May I use ES as DB to replace MongoDB?


(谢乐冰) #1

Not a joke.

We have events log (userid, timestamp, action, entity ....) which records
players' essential activities and is used for customer service. The volume
is around 10-15 million rows a day and held for 3 months. The search
condition could be complicated, such like userid + time range + activities;
timerange + activities so on.

Currently 3 solutions are considered:

  1. Use MongoDB cluster to hold the data.
  2. Use ES to index the log and for searching. Easy to setup and maintain.
  3. Use HBASE, but have to create multiple "indexes"

any idea about that? Thanks!

--
You received this message because you are subscribed to the Google Groups "elasticsearch" group.
To unsubscribe from this group and stop receiving emails from it, send an email to elasticsearch+unsubscribe@googlegroups.com.
To view this discussion on the web visit https://groups.google.com/d/msgid/elasticsearch/CAGJwNY4JYTXUhdBJ_d77iOHSf%2Bo%3Djs3p0h1%2Bx7URpqKBAe5e6w%40mail.gmail.com.
For more options, visit https://groups.google.com/groups/opt_out.


(Eugene Strokin) #2

It seems like you don't really need a search, but just filtering, so, you'd
use a subset of features from ElasticSearch. But why would you think you
cannot use ES as DB? What would be your concern?
Just, so you know, I use ES as the only storage for one of my project for
second year already, for Big Data/BigTraffic application. And if you do
things right, you should be allright as well.

Eugene

On Monday, January 13, 2014 5:31:24 AM UTC-5, Xie Lebing wrote:

Not a joke.

We have events log (userid, timestamp, action, entity ....) which records
players' essential activities and is used for customer service. The volume
is around 10-15 million rows a day and held for 3 months. The search
condition could be complicated, such like userid + time range + activities;
timerange + activities so on.

Currently 3 solutions are considered:

  1. Use MongoDB cluster to hold the data.
  2. Use ES to index the log and for searching. Easy to setup and maintain.
  3. Use HBASE, but have to create multiple "indexes"

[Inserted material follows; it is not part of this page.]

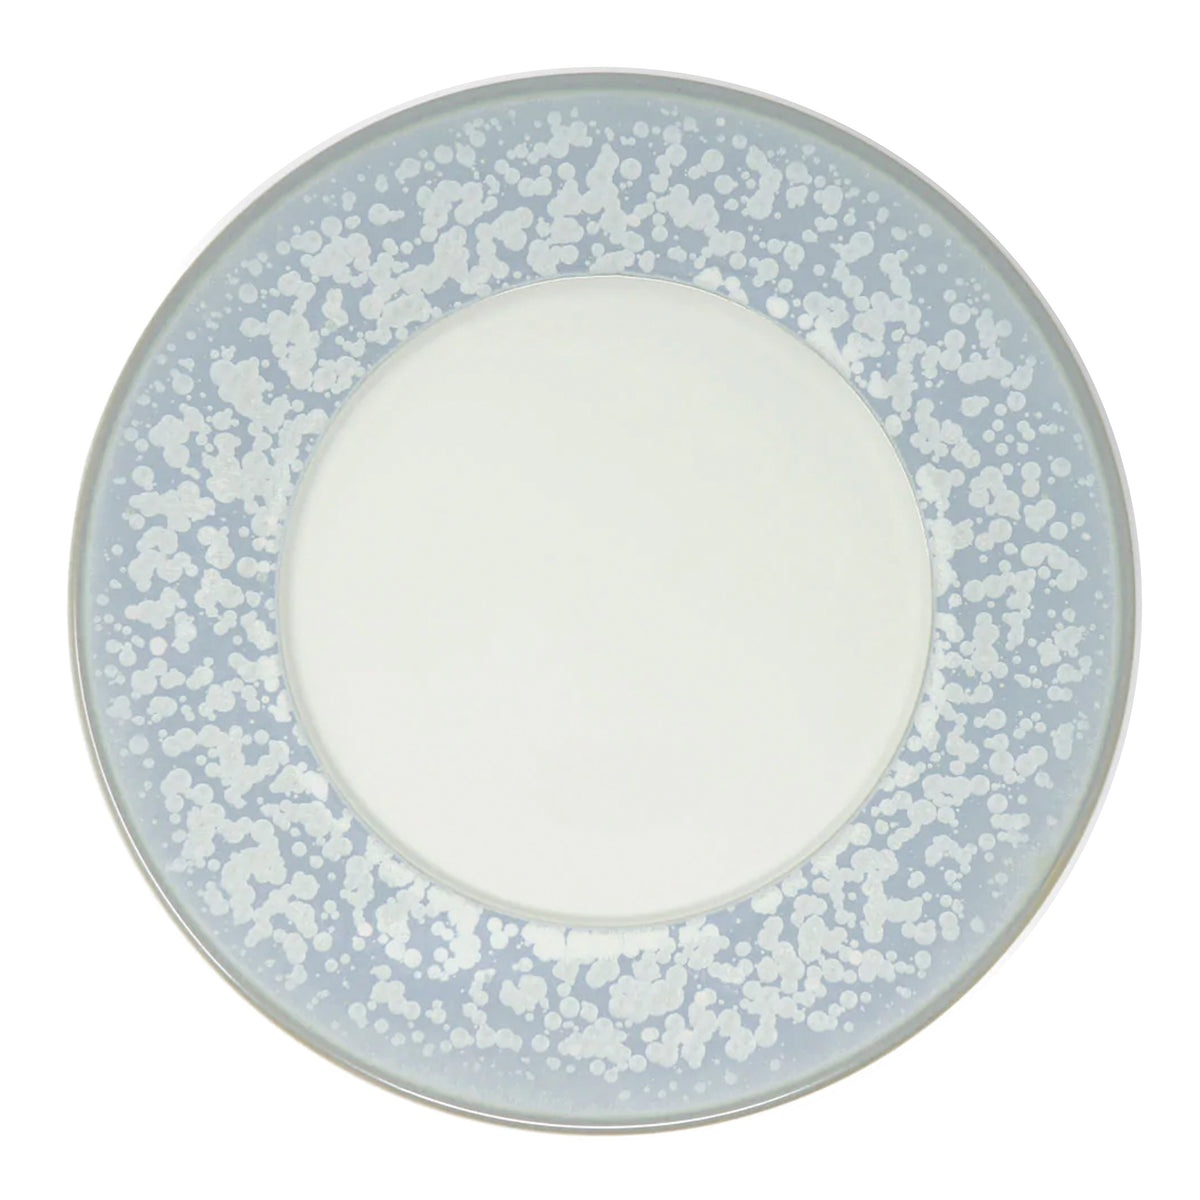 SONG Ocean - Charger plate, 2011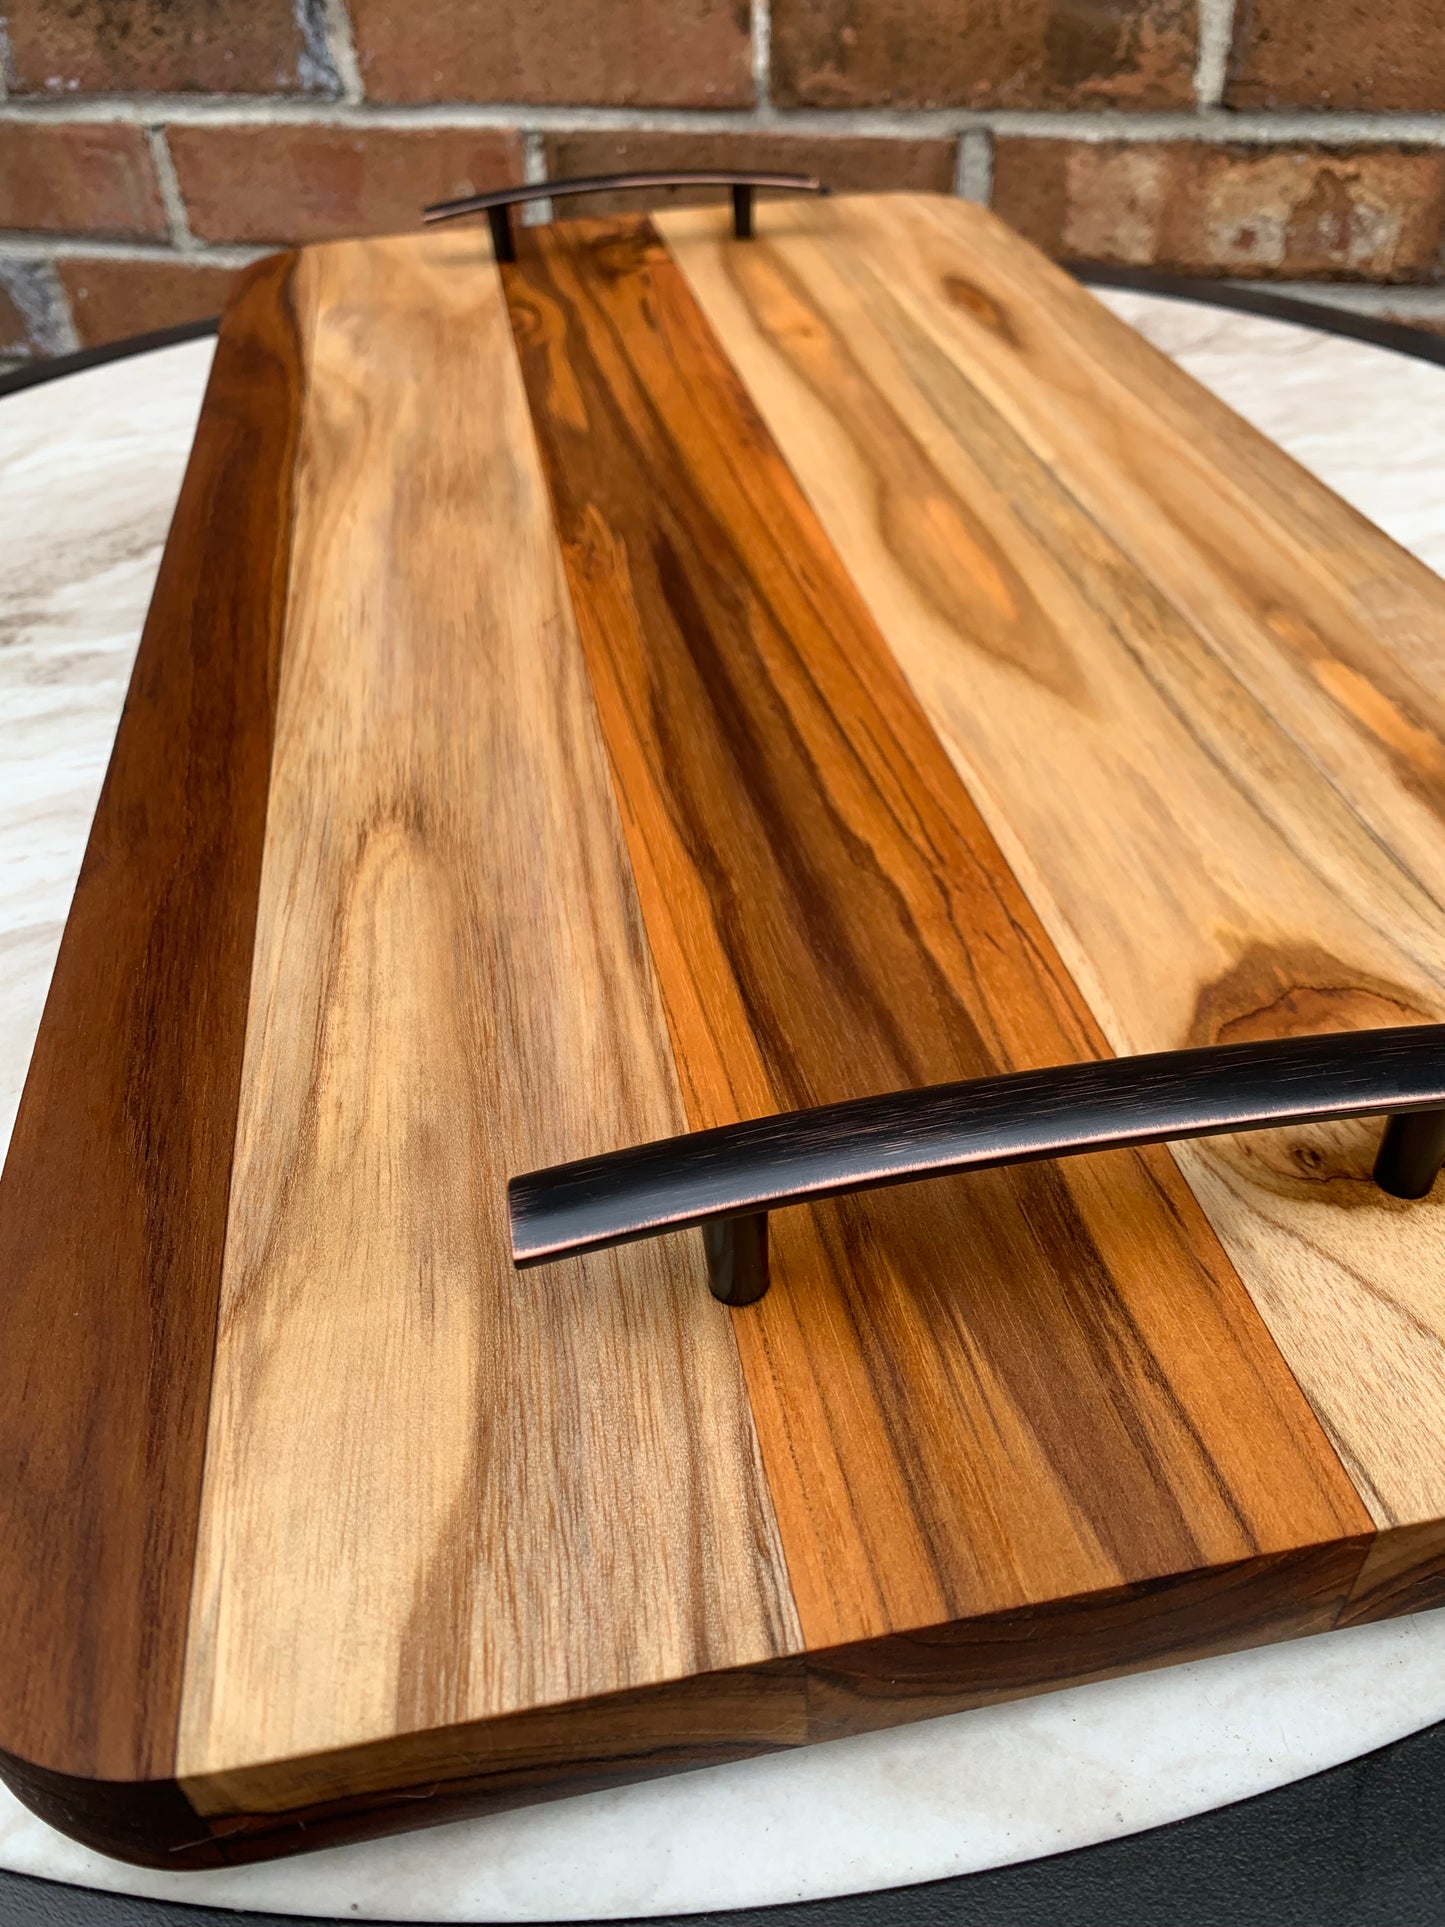 Teak wood charcuterie board, cutting board, cheese board, serving tray with handles

any idea about that? Thanks!

--
You received this message because you are subscribed to the Google Groups "elasticsearch" group.
To unsubscribe from this group and stop receiving emails from it, send an email to elasticsearch+unsubscribe@googlegroups.com.
To view this discussion on the web visit https://groups.google.com/d/msgid/elasticsearch/98c63853-9faf-4d0c-912a-1698fbf91399%40googlegroups.com.
For more options, visit https://groups.google.com/groups/opt_out.


(amos.wood) #3

For one our projects, we also use Elasticsearch as the sole database. The
only consideration to make is that while gets by id are real-time, all
other searches are subject to the "refresh interval" setting of a
particular index/table. We overcame this problem by:

  1. Set the refresh_interval at 25ms
  2. After a write to our service, we paused for 25ms before returning a
    successful write to the client.
  3. Put an automatic retry mechanism on particular calls. This helped when
    the index servers had heavy traffic and the "refresh interval" actually
    took more than 25ms. This scenario happened when a client wrote a record
    and immediately wanted to get it by a field other than its id.

On Monday, January 13, 2014 11:24:00 AM UTC-6, Eugene Strokin wrote:

It seems like you don't really need a search, but just filtering, so,
you'd use a subset of features from ElasticSearch. But why would you think
you cannot use ES as DB? What would be your concern?
Just, so you know, I use ES as the only storage for one of my project for
second year already, for Big Data/BigTraffic application. And if you do
things right, you should be allright as well.

Eugene

On Monday, January 13, 2014 5:31:24 AM UTC-5, Xie Lebing wrote:

Not a joke.

We have events log (userid, timestamp, action, entity ....) which records
players' essential activities and is used for customer service. The volume
is around 10-15 million rows a day and held for 3 months. The search
condition could be complicated, such like userid + time range + activities;
timerange + activities so on.

Currently 3 solutions are considered:

  1. Use MongoDB cluster to hold the data.

  2. Use ES to index the log and for searching. Easy to setup and maintain.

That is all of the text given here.